Segment Open

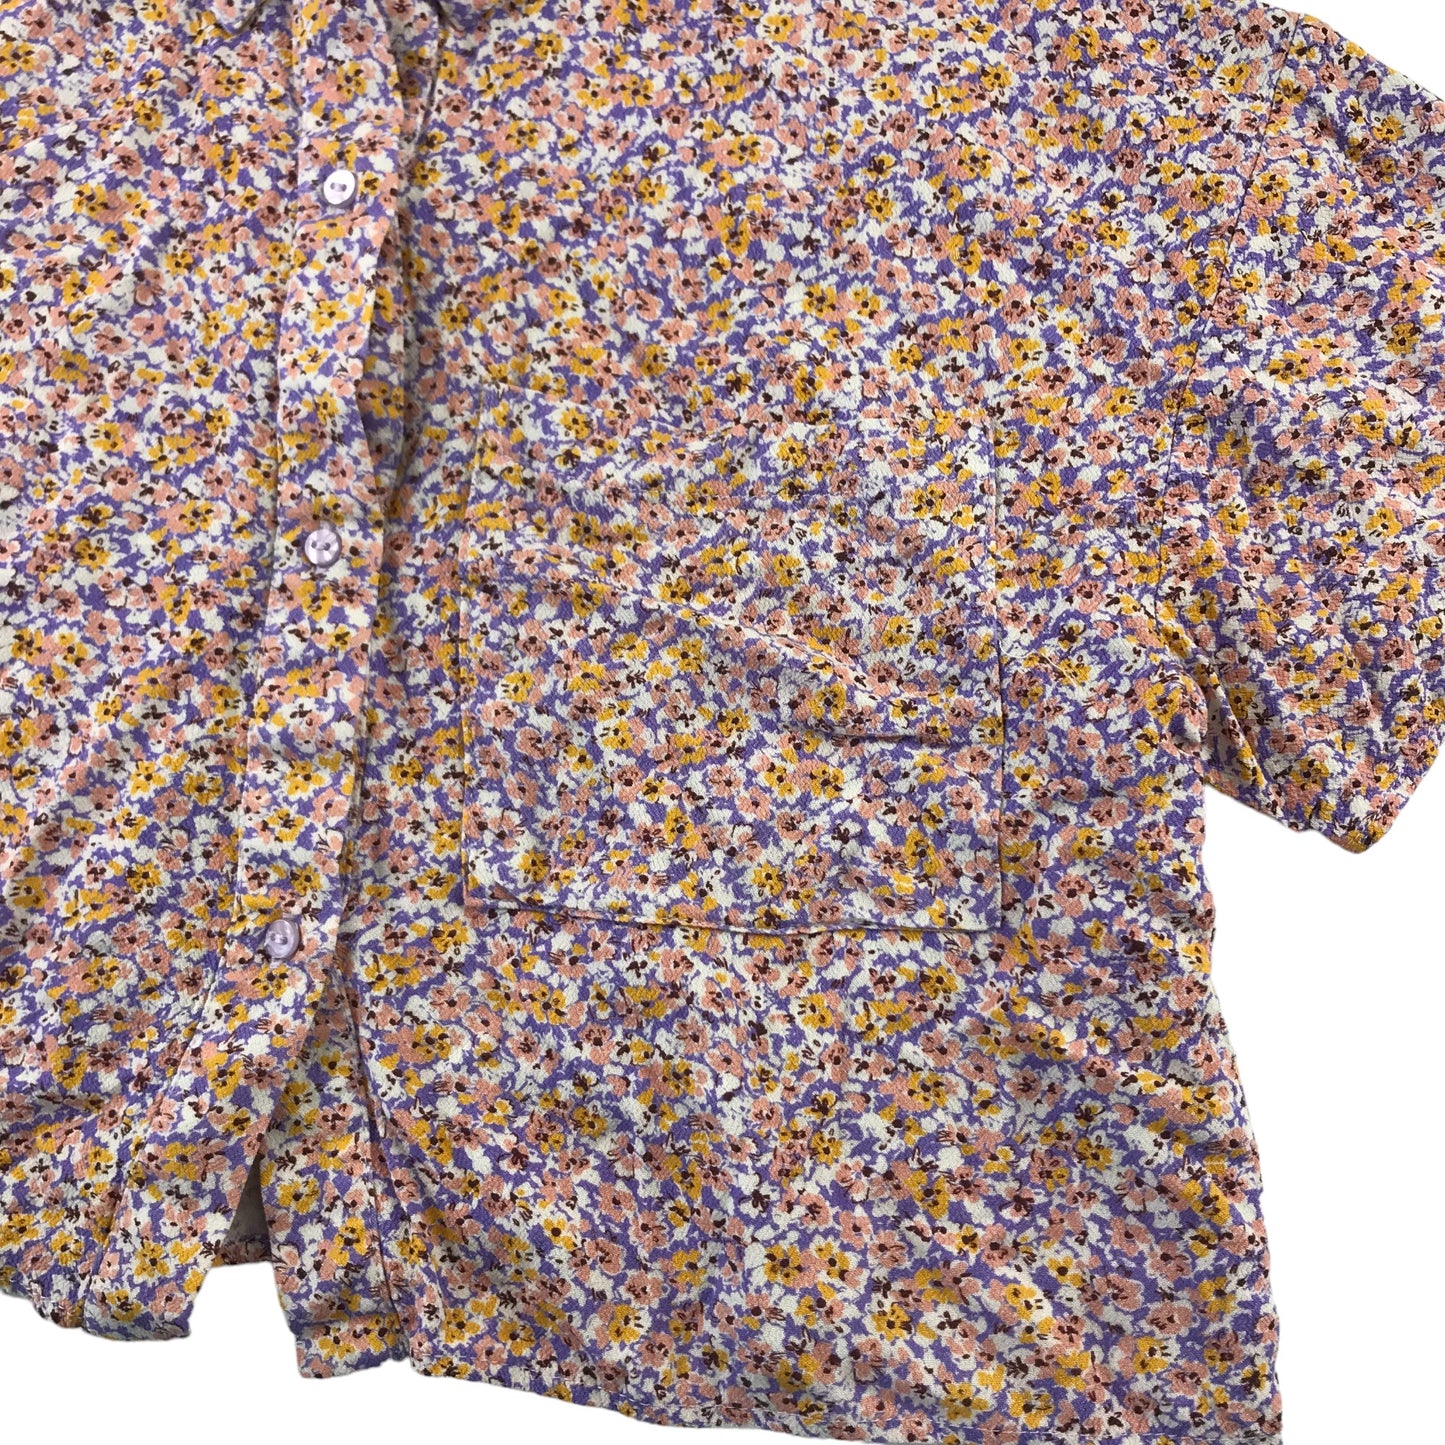 Zara blouse 13-14 years lilac and orange floral cropped button up
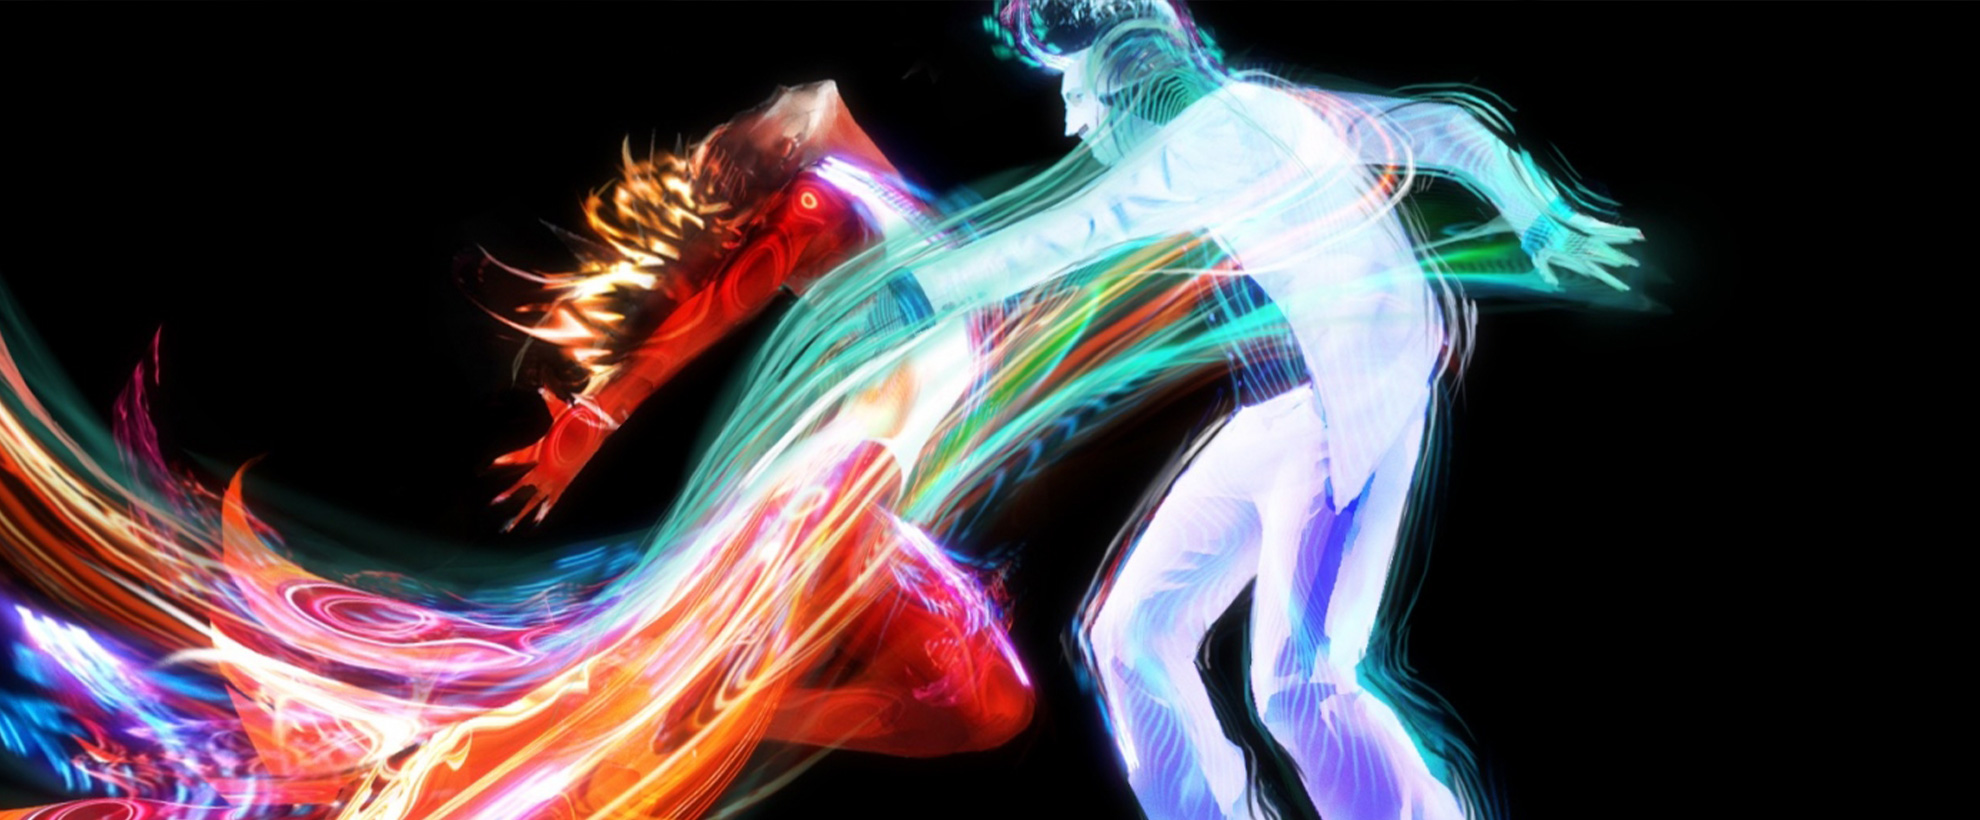 Concept art showing a man and a woman dancing, made of bright colours
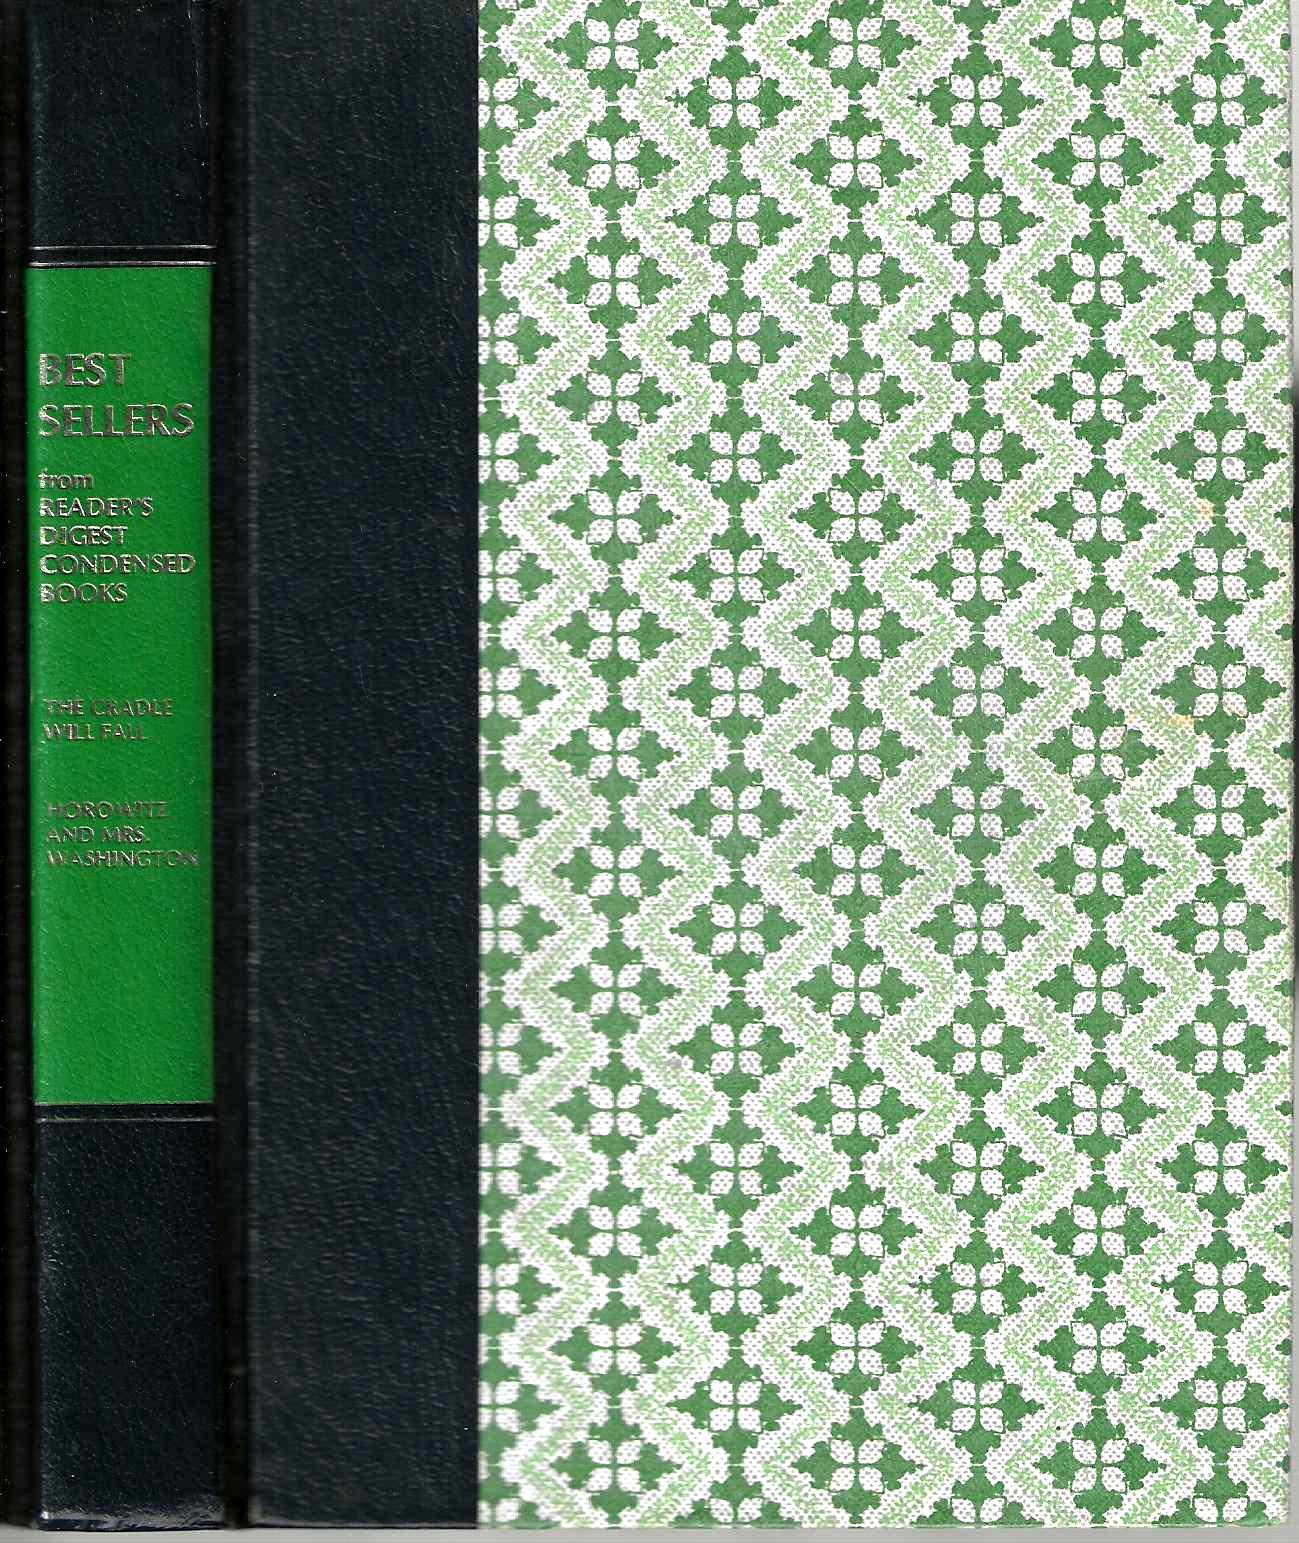 Best Sellers From Reader's Digest Condensed Books: The Cradle Will
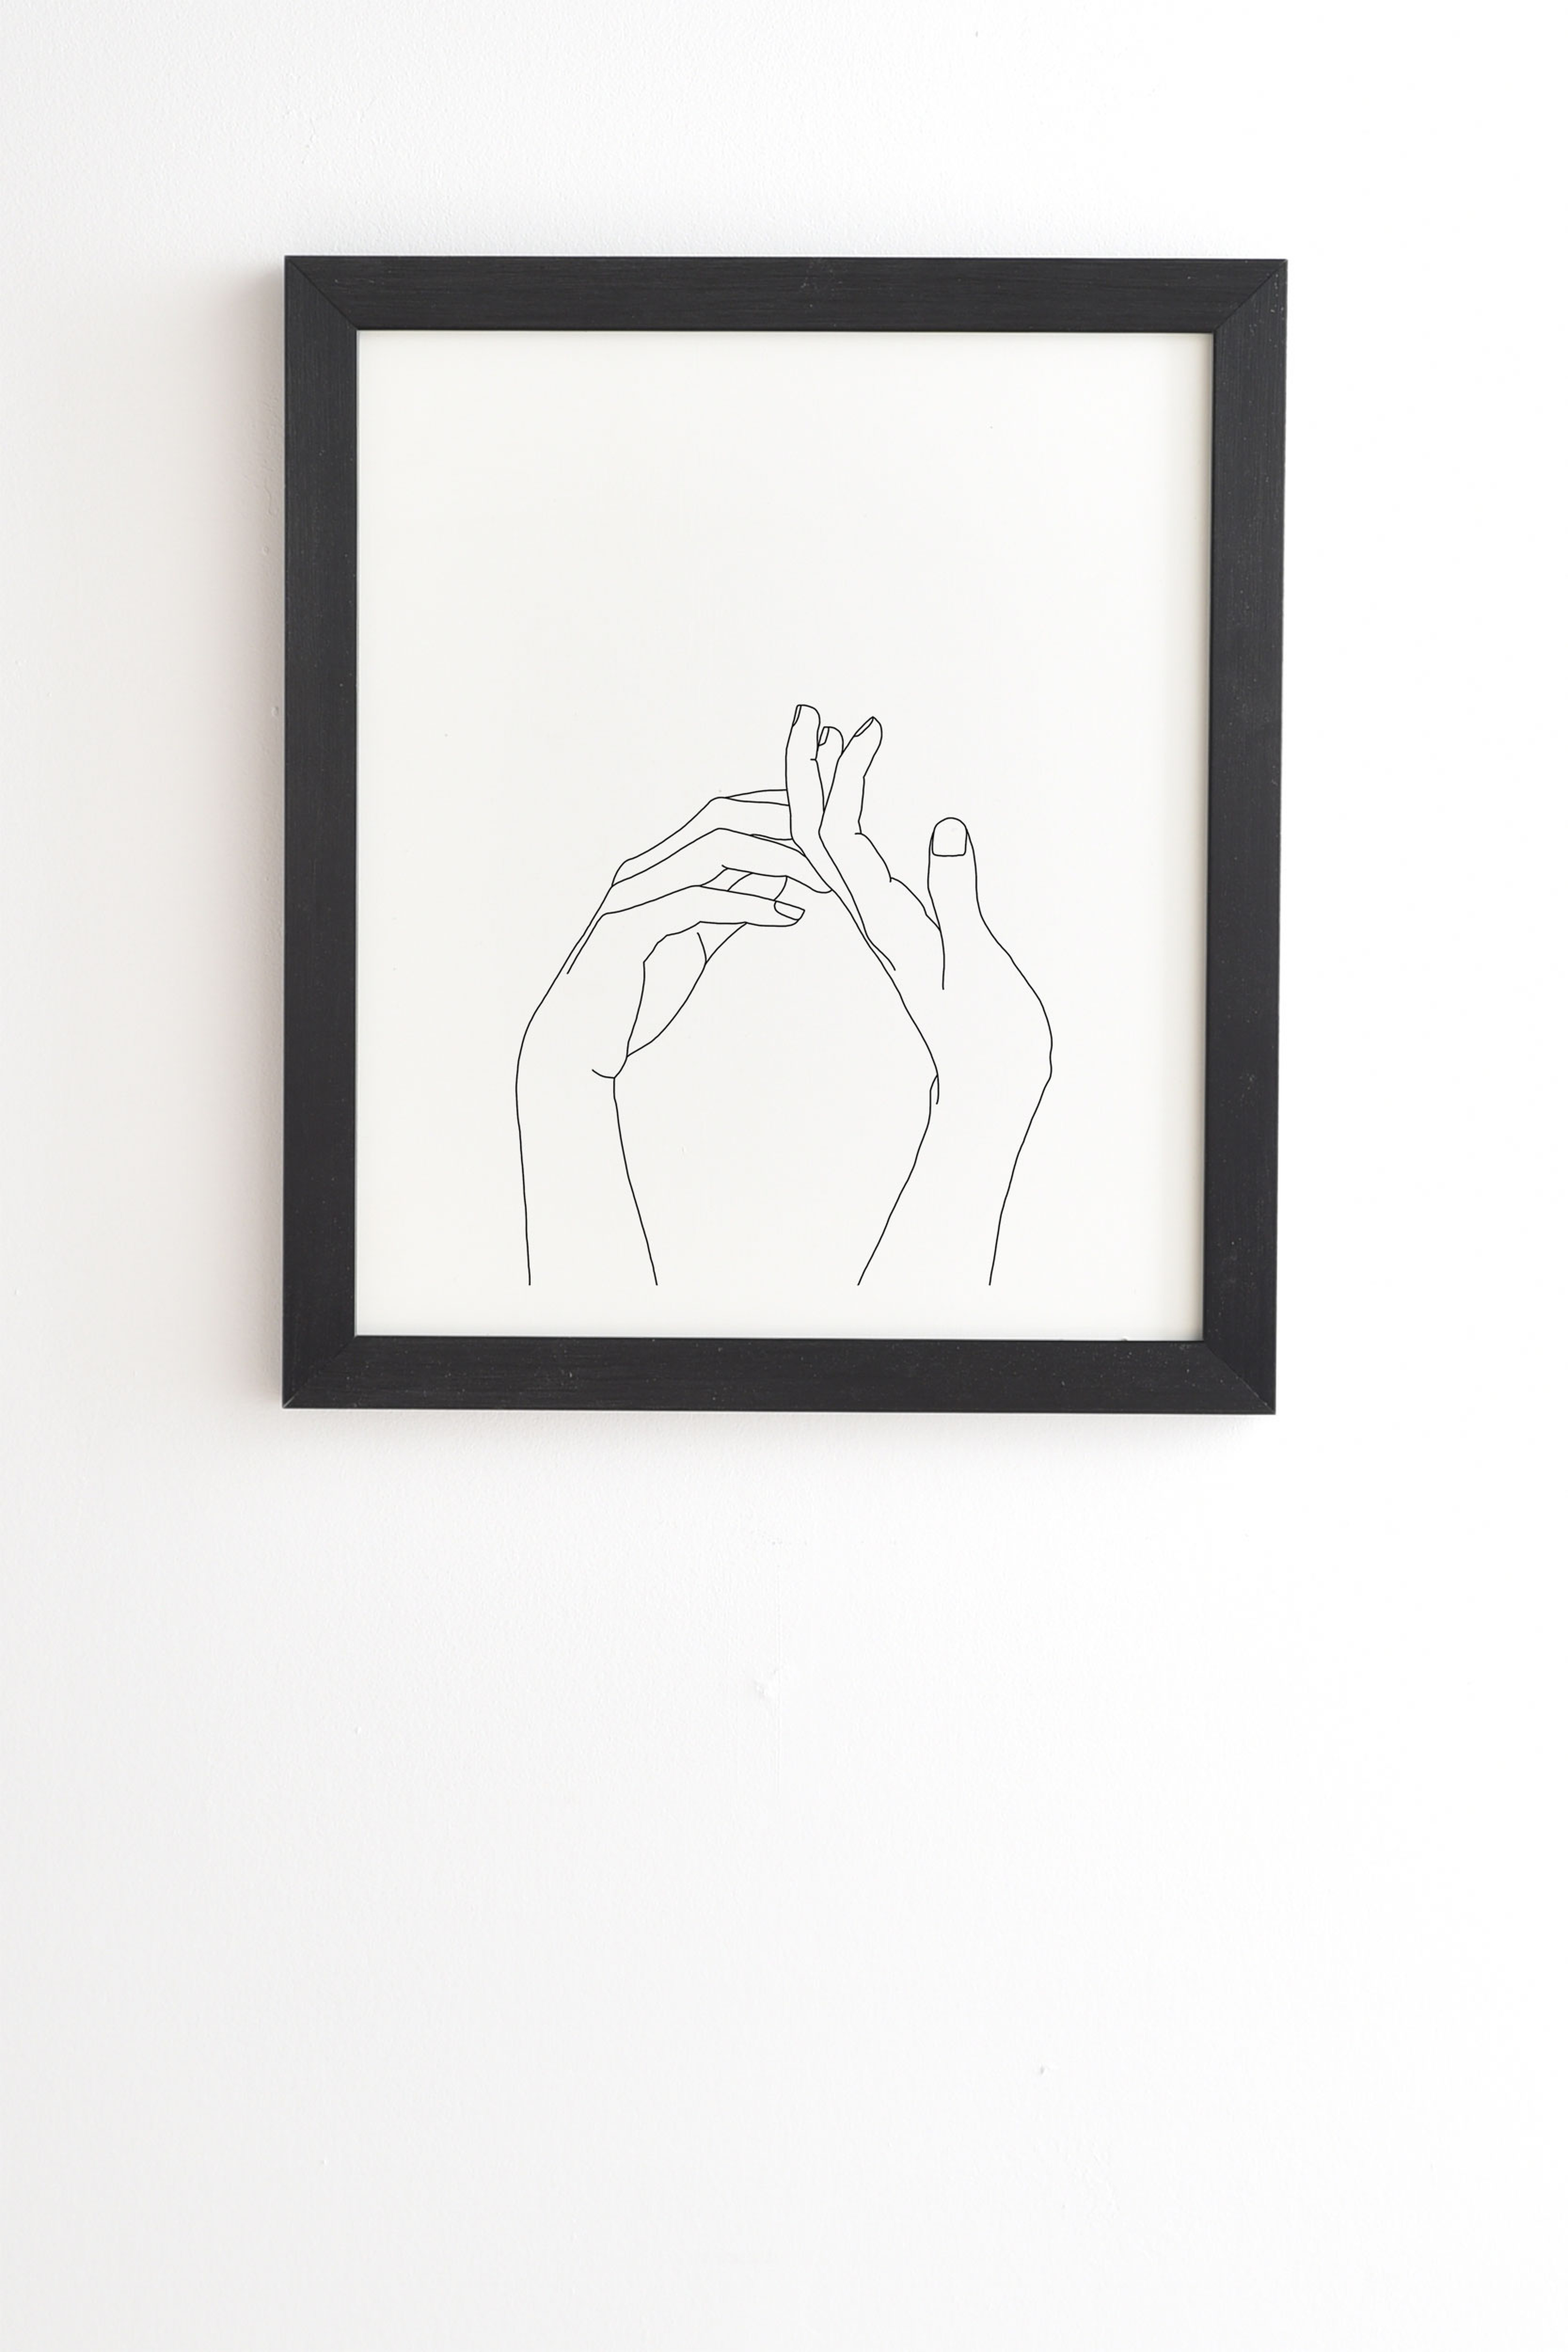 Hands Line Drawing Abi by The Colour Study - Framed Wall Art Basic Black 11" x 13" - Wander Print Co.

Segment Closed

> _What you have to do_
Where the line with "Concept art showing" appears, begin there and transcribe exactly through the last line of the data, leaving all pictures aside.

> _Solution to this problem_
 Concept art showing a man and a woman dancing, made of bright colours
 Best Sellers From Reader's Digest Condensed Books: The Cradle Will
 Hands Line Drawing Abi by The Colour Study - Framed Wall Art Basic Black 11" x 13" - Wander Print Co.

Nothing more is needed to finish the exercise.